_Provided material:_
=====
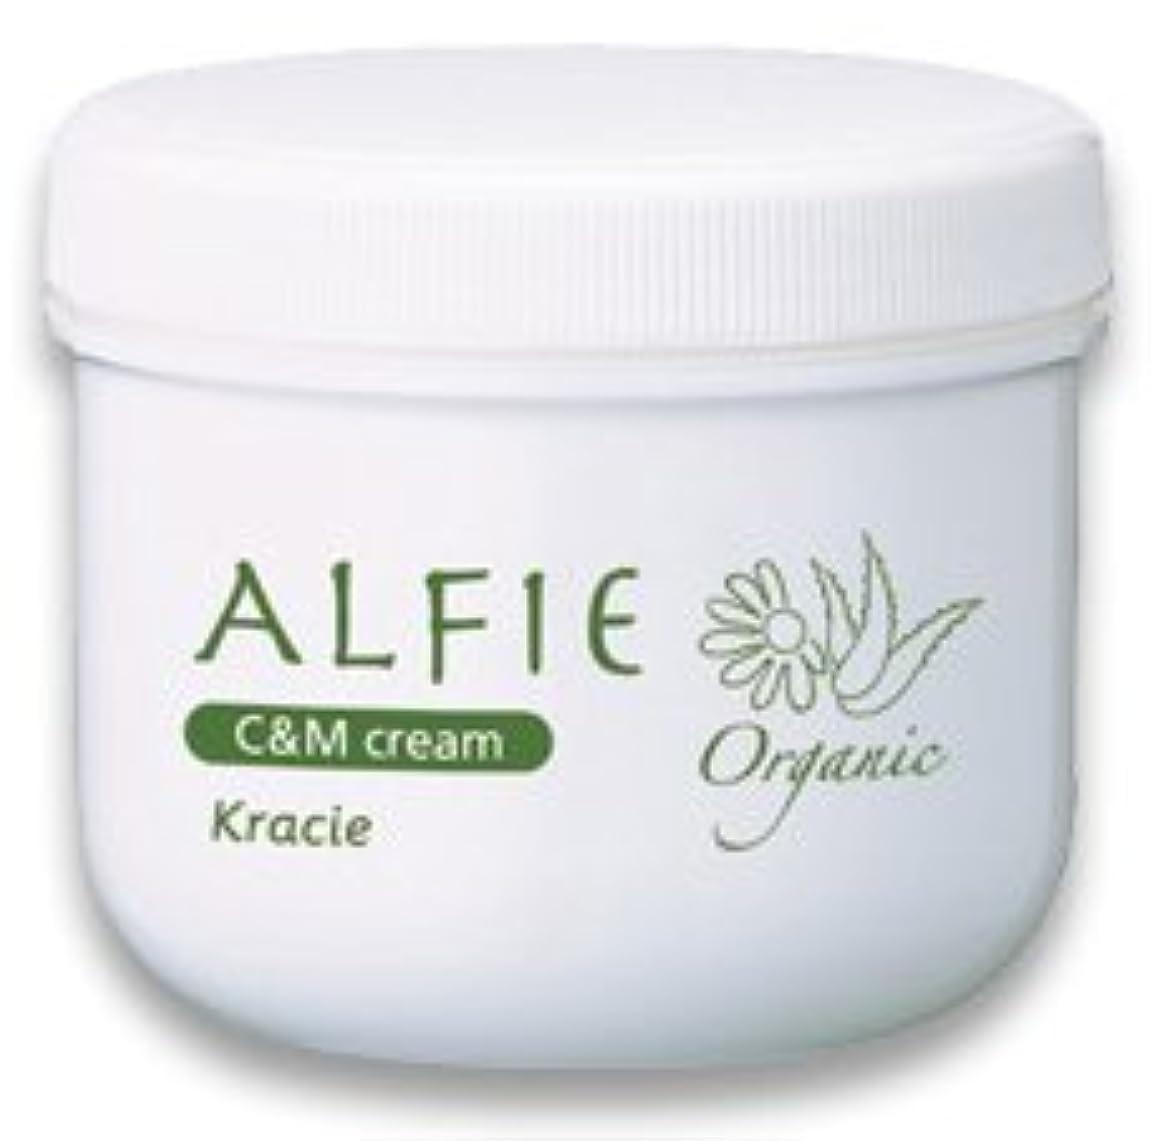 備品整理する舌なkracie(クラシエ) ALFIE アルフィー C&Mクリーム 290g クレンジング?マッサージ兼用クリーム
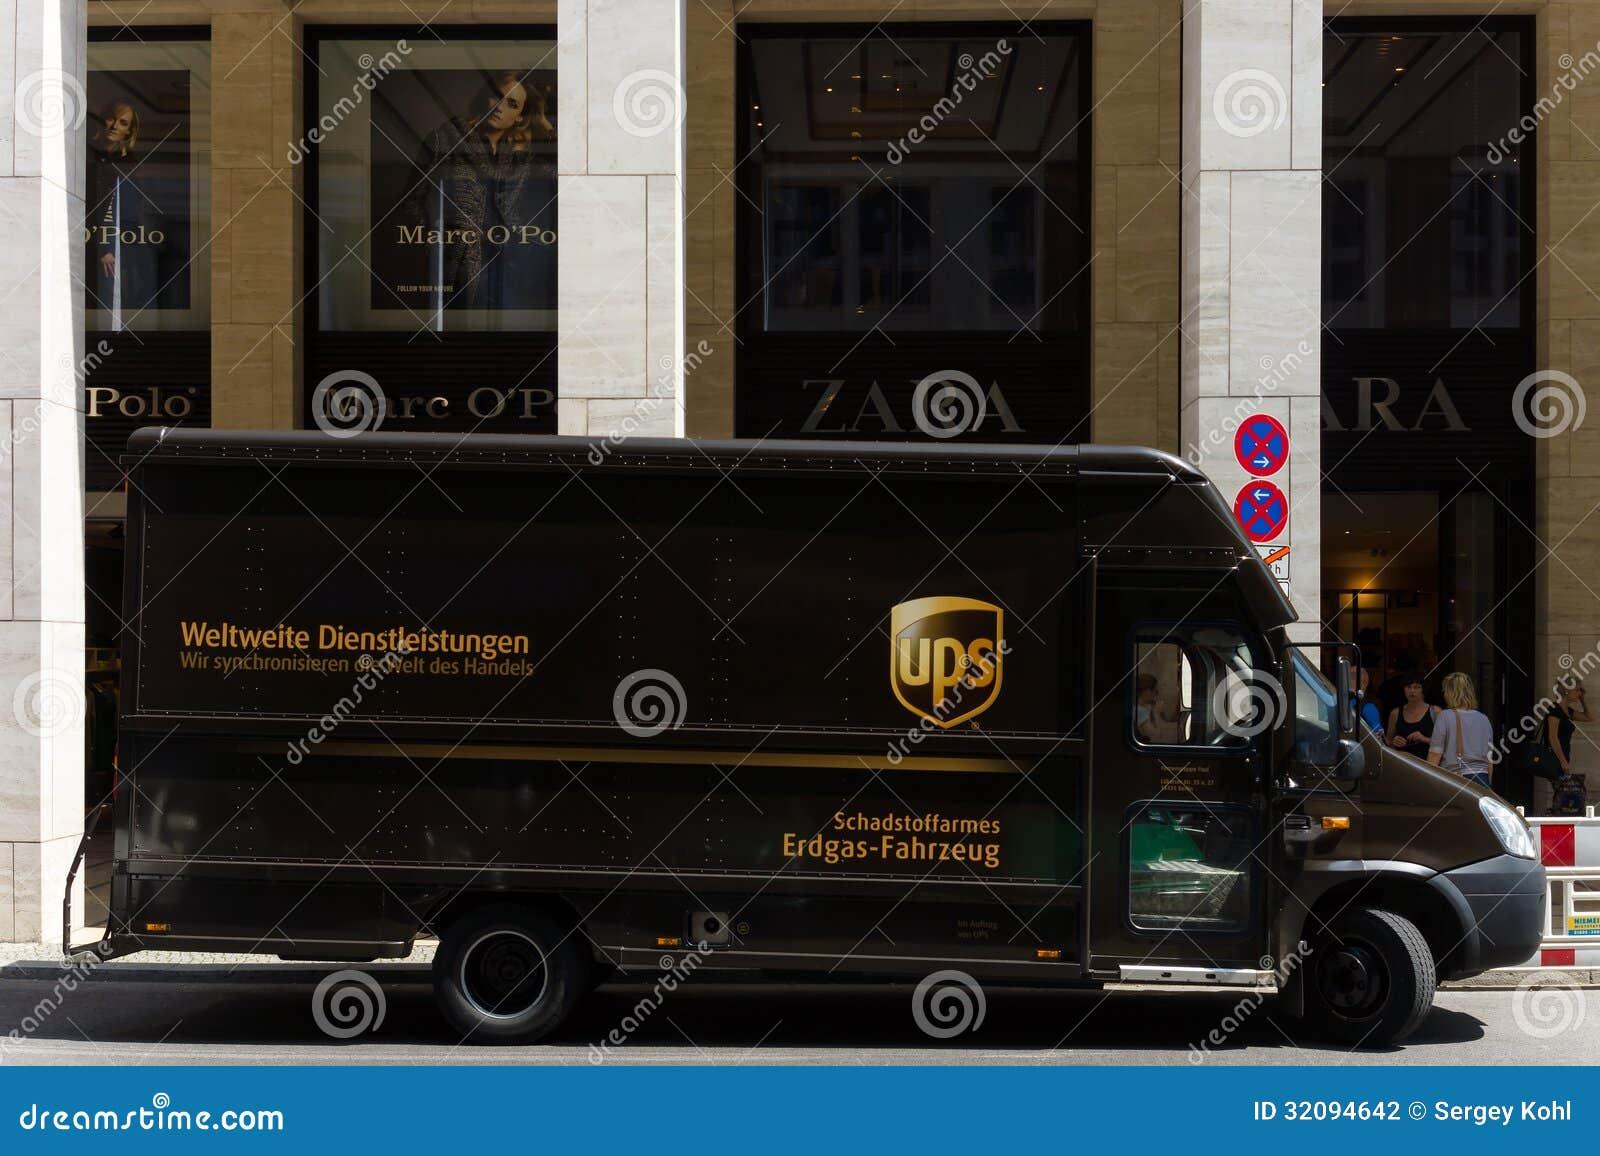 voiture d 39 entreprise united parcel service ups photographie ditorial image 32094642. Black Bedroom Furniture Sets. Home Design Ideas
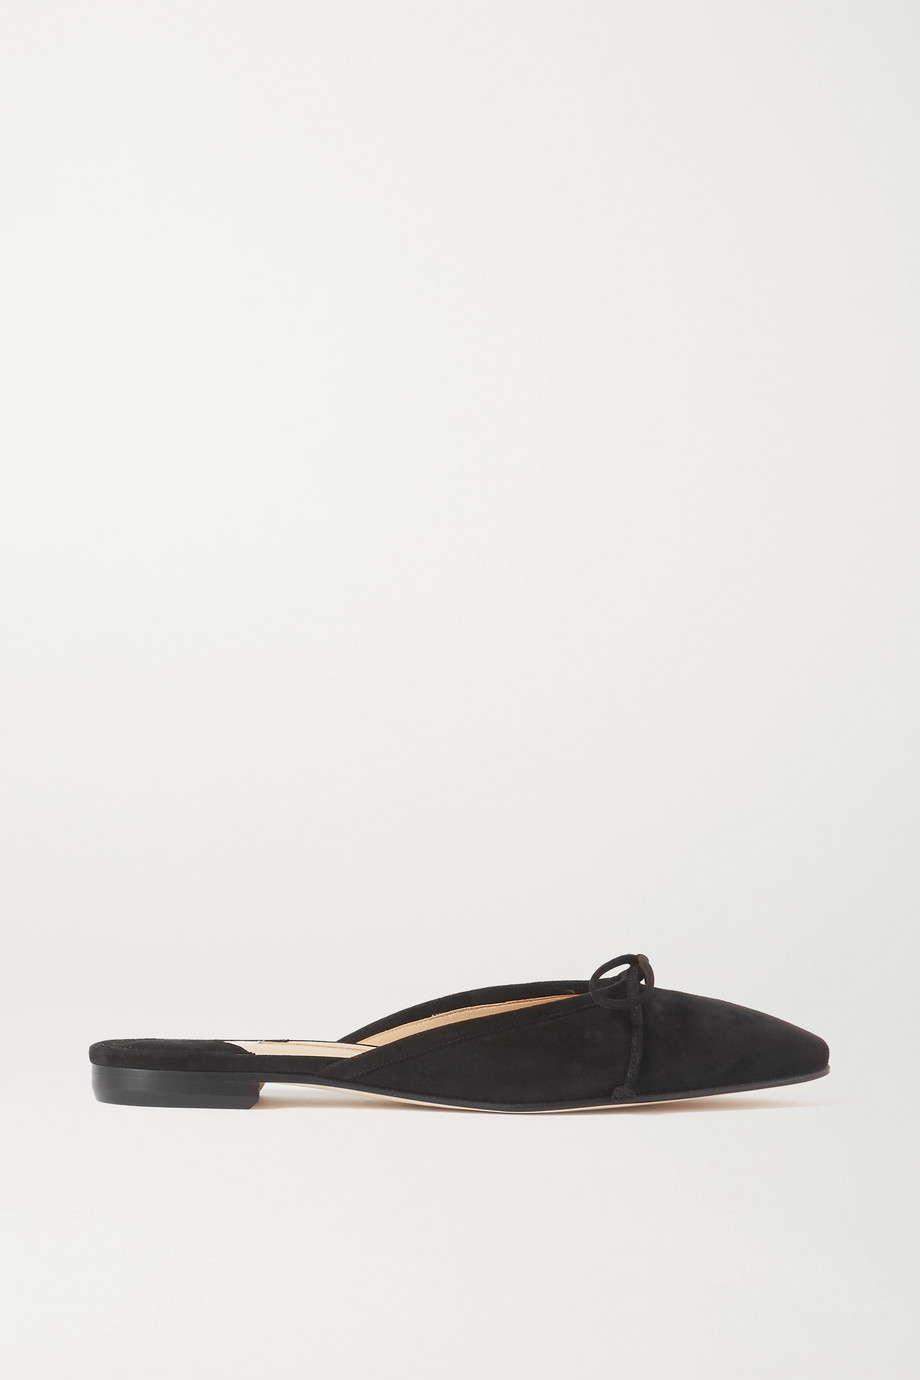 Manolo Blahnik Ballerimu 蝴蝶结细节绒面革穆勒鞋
=====
_The task:_ Take the lines from the one holding "voiture d 39" through the final line of the listing above and copy them exactly, both ends included, with no pictures.

_Answer section:_
 voiture d 39 entreprise united parcel service ups photographie ditorial image 32094642. Black Bedroom Furniture Sets. Home Design Ideas
 Manolo Blahnik Ballerimu 蝴蝶结细节绒面革穆勒鞋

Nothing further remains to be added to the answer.